Note the following points:


The author didn't open with a pitch, according to my reading of your story. The conversation appears to have started with something else (the weather, the hotel, where's a good place for dinner?) and then got onto manuscripts.
The author mentioned in passing that she had a manuscript, she wasn't inserting it at every possible opportunity.
The author waited until the editor requested a copy.

In other words, the scenario the honored Feline Overlord is describing here is the polar opposite of the idea of cornering some poor editor in the elevator and shoving a manuscript into his hands with "read this, it's the greatest book in the history of EVAR!"

In short, the author let the editor get to know her at least a little bit as a person, and then waited for him to express interest. I can see where you might have some success doing it that way. Just prowling conferences and passing out manuscripts, on the other hand, seems like it will end with most of them in the round file.


----------



## Steerpike (Nov 20, 2013)

@GeekDavid - in this case, I'm not even sure the author knew the person was an editor when they started talking. In fact, I'm pretty sure she did not. So it wasn't an approach with an intent to sell a book. But it does demonstrate that these personal connections at conferences can work. I know other people take a more hard-sell approach than some, but when I go to conferences I never strike up a conversation with someone with the clear intent to strike up some kind of business arrangement. I'm not a good salesman, for one thing. And I don't like to do it. The times I've had contacts from conferences actually turn into business have been instances where we're all just sitting around talking, and the conversation kind of naturally moves toward what we do for work and it turns out there is business potential.

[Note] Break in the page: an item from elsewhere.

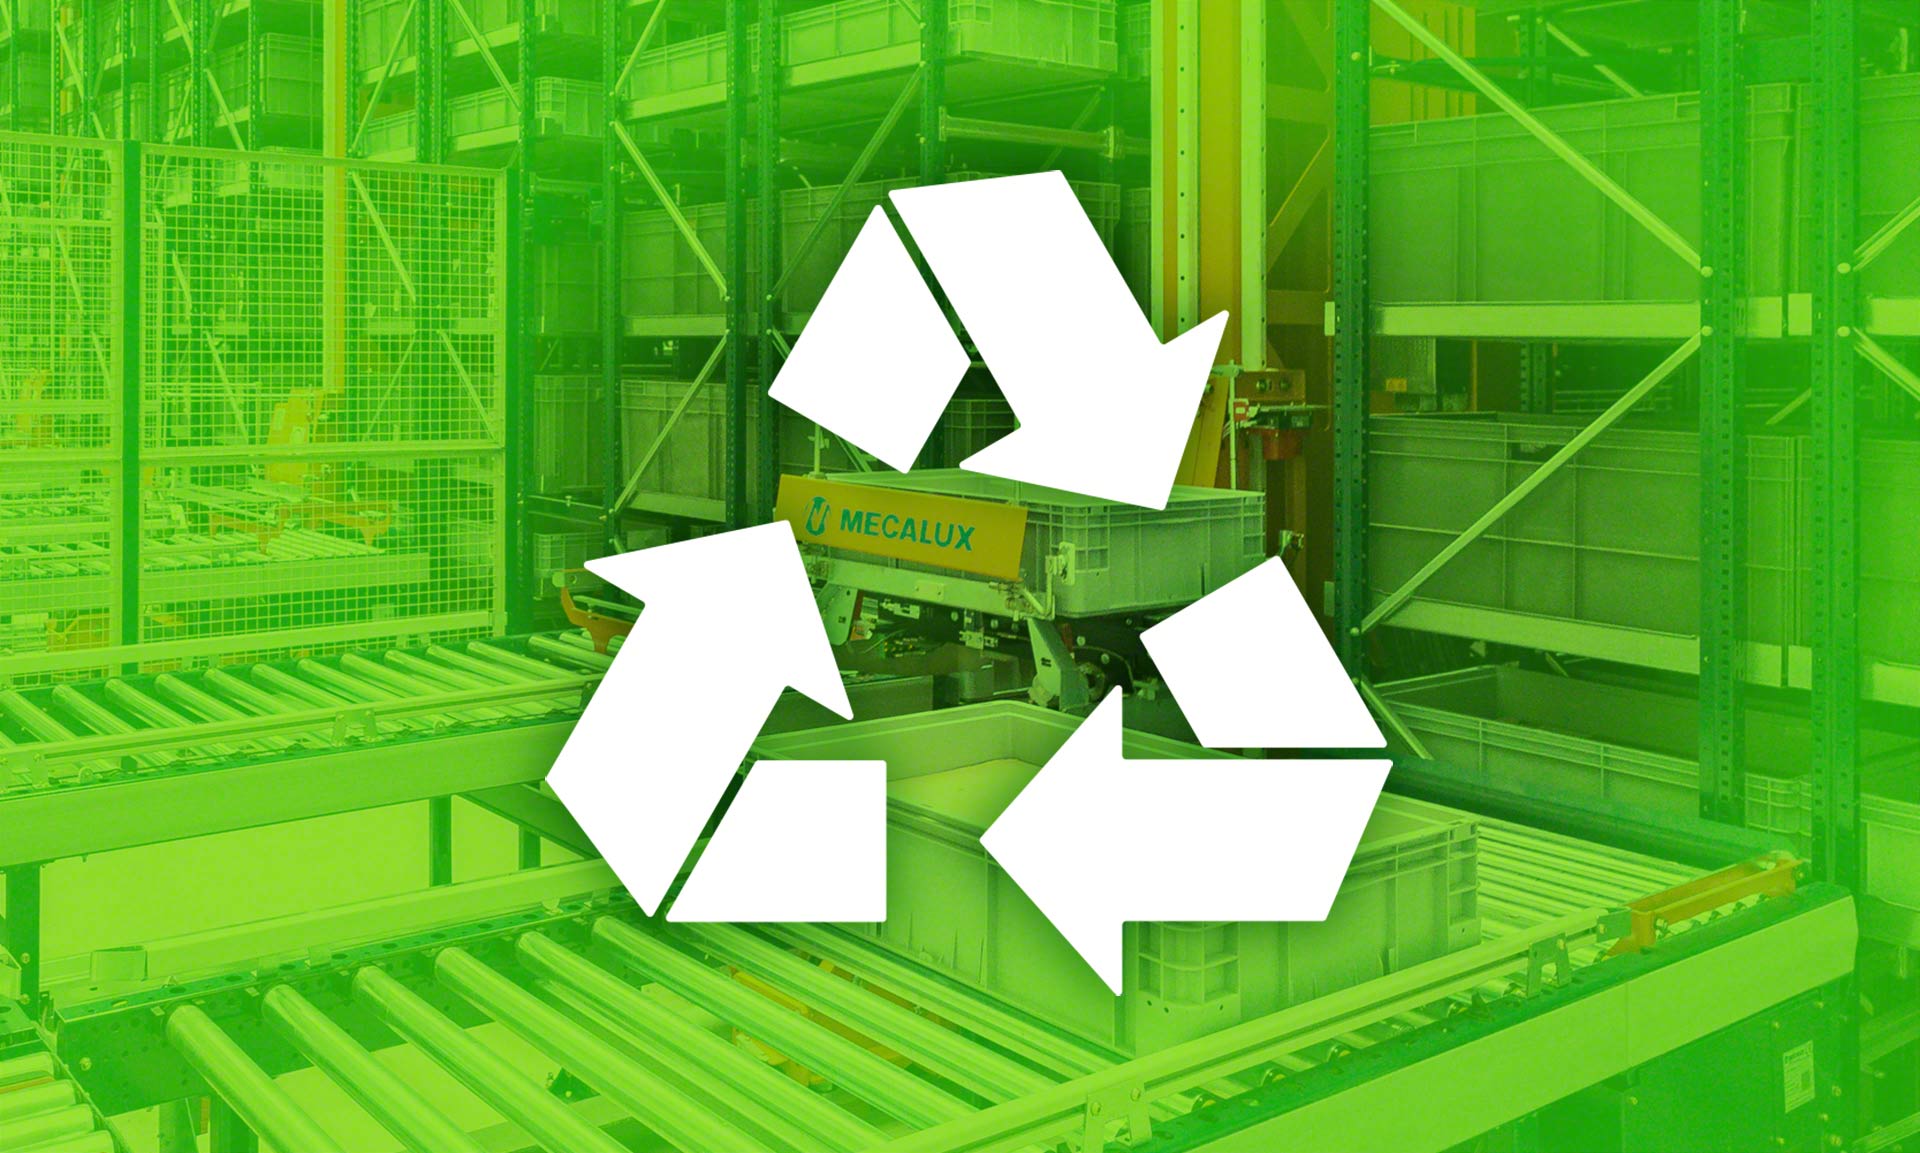 La logística sostenible busca reducir el impacto medioambiental de la cadena de suministro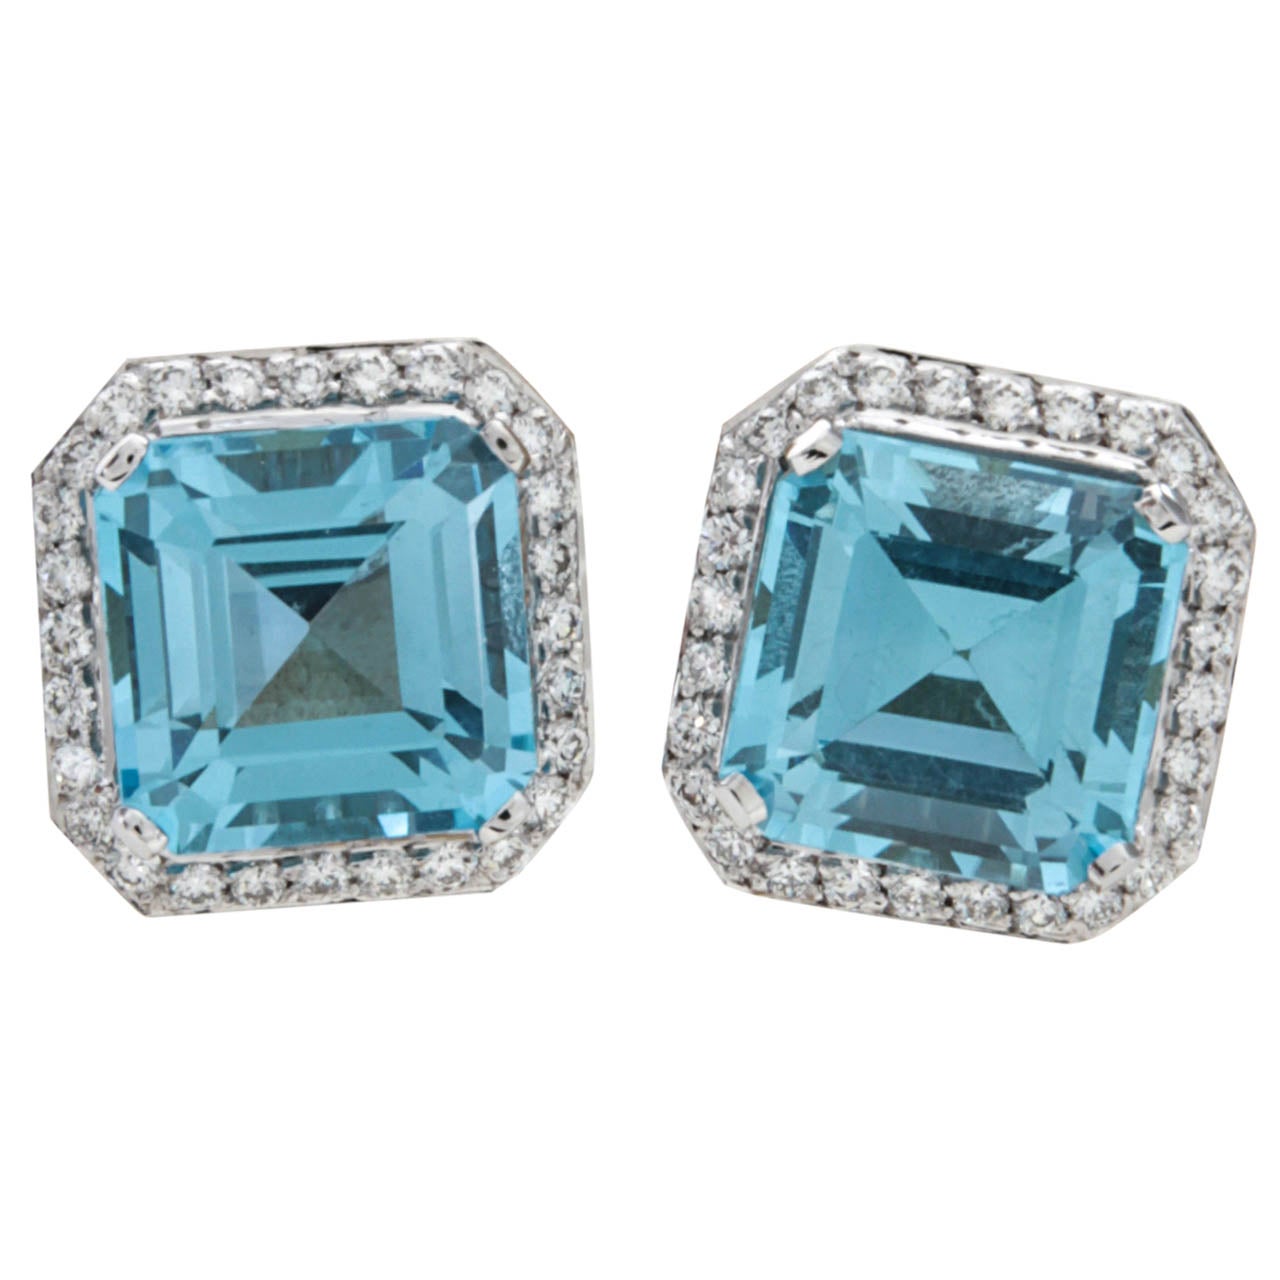 Stunning Blue Topaz Squared Diamond Earrings

If you're a very good salesman, maybe you can start with the hard-sell approach and make it work. I can't.


----------



## GeekDavid (Nov 20, 2013)

Steerpike said:


> If you're a very good salesman, maybe you can start with the hard-sell approach and make it work. I can't.



I think most people can detect a hard-sell, and it seems to me to be the sort of thing that would turn editors off.

Another point. It's one thing to bypass the established procedures for submission (whatever they are) when the editor asks you to do it. It's quite another thing to do it on your own, _sans_ invitation. It's like if someone bends the rules here with the approval of a moderator... they're likely to get away with it. If someone bends the rules without said approval, they're probably going to get a PM about it at the very least.

So going to conferences with the established intent of bypassing the procedures seems likely to get you far more rejections than acceptances.


----------



## Devor (Nov 20, 2013)

I think it's worth noting that an experienced salesman can more or less replicate the conversation Steerpike described above.  It's not all hard-sales.


----------



## Steerpike (Nov 20, 2013)

Devor said:


> I think it's worth noting that an experienced salesman can more or less replicate the conversation Steerpike described above.  It's not all hard-sales.



Yep. A good salesman can do it. I can't - the only time I have any luck is if the whole thing really does come into being organically, just as a natural interaction between people. So it is a good thing I'm not in sales.


----------



## GeekDavid (Nov 20, 2013)

Steerpike said:


> Yep. A good salesman can do it. I can't - the only time I have any luck is if the whole thing really does come into being organically, just as a natural interaction between people. So it is a good thing I'm not in sales.



I daresay if people had a talent for sales, they'd be in sales, and not an author.

In other words, they'd be an agent. That seems to be the niche for salesmen in the writing-publishing world.


----------



## Devor (Nov 20, 2013)

Still, it's probably worth an article or a discussion on "What do you do if you have a manuscript and find yourself standing next to an editor."  There is a path, but I don't think "Just pitch it" does it justice.


----------



## TWErvin2 (Nov 20, 2013)

Many agents and editors attend writers conferences where pitch sessions are offered (usually for an additional fee). The author in question often sends their synopsis, first chapter or ten pages, or whatever is requested ahead of time, and then has 10 minutes to speak with the agent/editor. Sometimes it's just a session where the author sits down and pitches their novel, with maybe the agent/editor scanning the synopsis there on the spot.

I had one coworker that landed a contract with a major agent that represents authors who've been best sellers and had movies made from publications. I've stumbled across a few other authors at SF/Fantasy conventions that met an agent/editor that way. However, I've heard more often that a personal introduction by an established author to their agent is a route to success. I've only ever come across two authors that I can remember who landed an agent and then a publishing deal (they were speaking on a panel) where they went the query/slush pile route to an agent.


----------